A resolution passed unanimously on Thursday said that every nation should have laws to prosecute serious criminal offences, the collection of funds or the provision of resources and services to terrorist organisations or individual militants and enforce them.
French Foreign Minister Jean-Yves Le Drian, whose country holds the Council presidency for the month, introduced the resolution at the session on terrorism funding. He said that to fight terrorism, the international community must tackle evil at its root by cutting off the sources of financing.
Terrorists have learned to adopt new technologies for their use posing a great challenge, he said. But he added, “our determination must be equally great”.

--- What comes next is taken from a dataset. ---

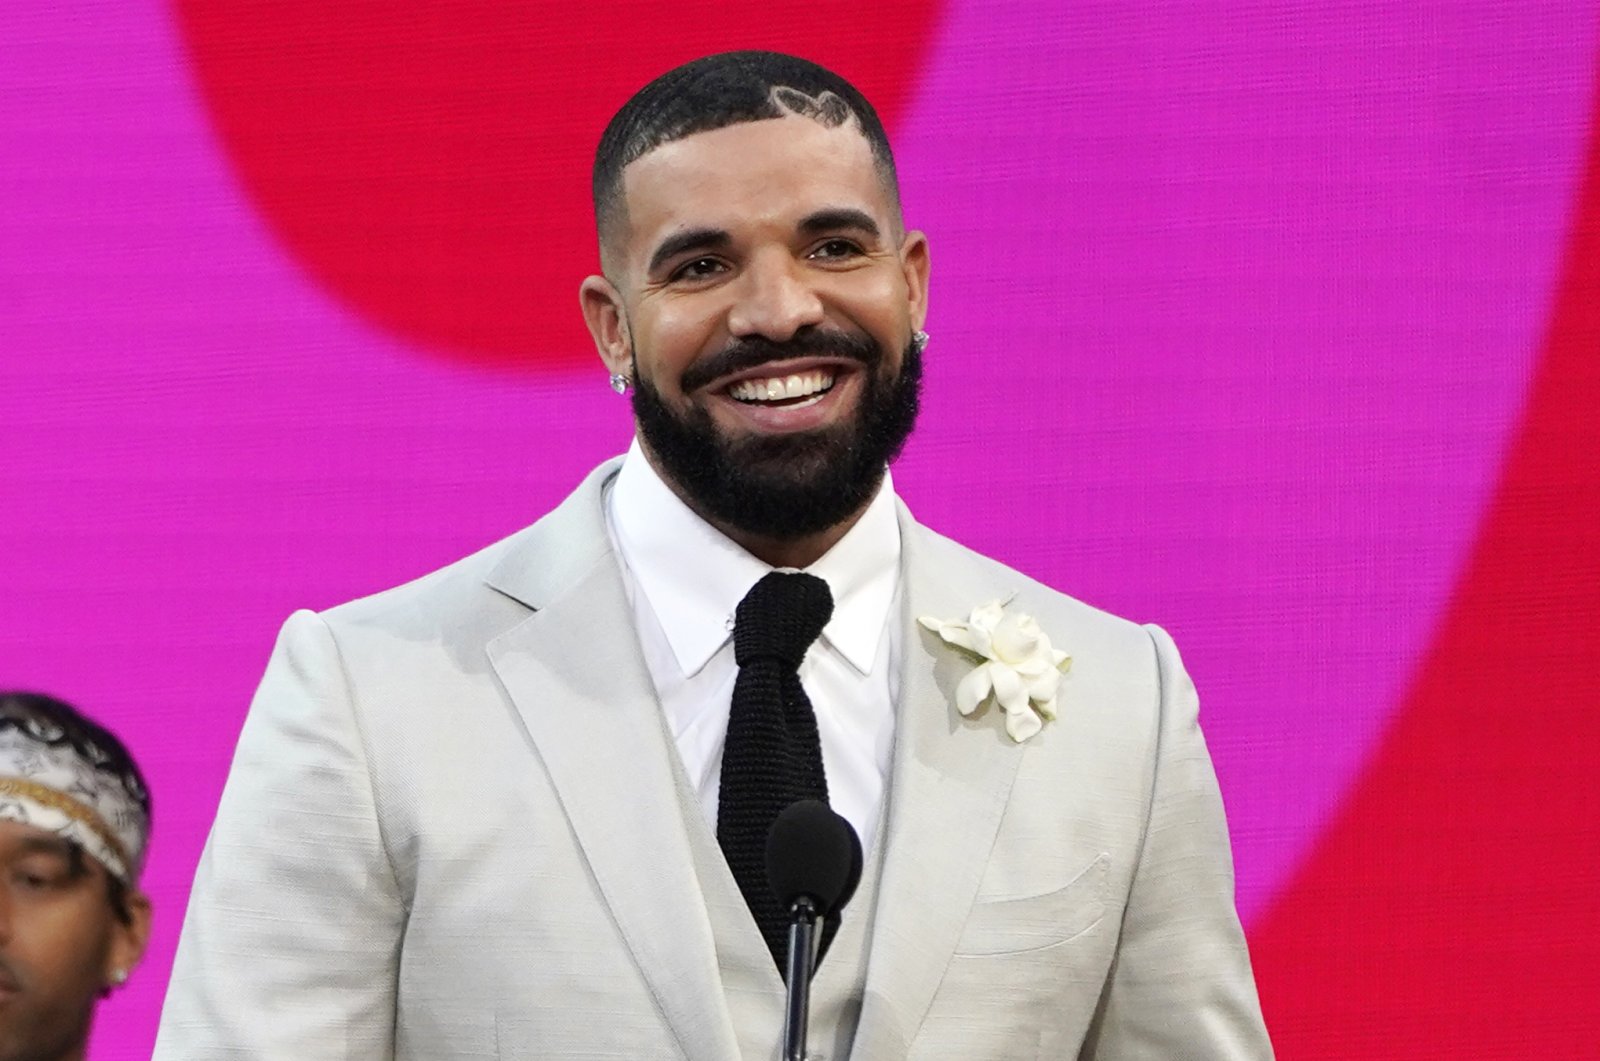 Drake accepts the artist of the decade award at the Billboard Music Awards at the Microsoft Theater in Los Angeles, U.S., May 23, 2021. (AP Photo)

For this, he said, the UN’s Office of Counter-Terrorism (CTED) must develop its capacity to combat terrorist financing and work with other organisations.
India’s Permanent Representative Syed Akbaruddin criticised the lax implementation of the Council resolutions and UN measures against terrorism financing. He said that no effective actions have been taken against those not complying with sanctions.
An expert on countering money-laundering and terrorism financing, Mercy Buku, said that the proliferation of mobile phone-based money transfer services and digital payment systems were vulnerable to exploitation by criminals because of the speed and convenience.
Governments should enact and enforce regulations to ensure that new technologies are not used to finance terrorism, she said via video-teleconference from Nairobi.
Financial Action Task Force (FATF) President Marshall Billingslea told the Council that the risks of terrorism financing extend beyond the banking and financial sectors and governments should look for all the ways they may become vulnerable to terrorism financing.
Billingslea, who is also a US assistant treasury secretary, drew attention to factors like corruption, weak governance, and regional instability that create environments conducive to terrorist financing.
FATF, which monitors and takes action against money laundering and terrorist financing, has put Pakistan on a “grey list” of countries that fail to adequately act against financing terrorists.
A delegation from the FATF’s Asia Pacific Group was in that country this week for meetings with officials and institutions. According to the Pakistan-based Geo TV, the delegation said that the country had not taken adequate action against eight major proscribed organisations.
At the Council, Pakistan’s Permanent Representative Maleeha Lodhi pleaded that it was difficult to implement the Task Force recommendations because her country’s economy was largely cash-based. She asserted that action was being taken to ensure that non-profit organisations did not divert funds to terrorist group.
Regardless of the context, she could not resist taking a pot shot at India, saying that “foreign occupation” of Jammu and Kashmir is “state terrorism”.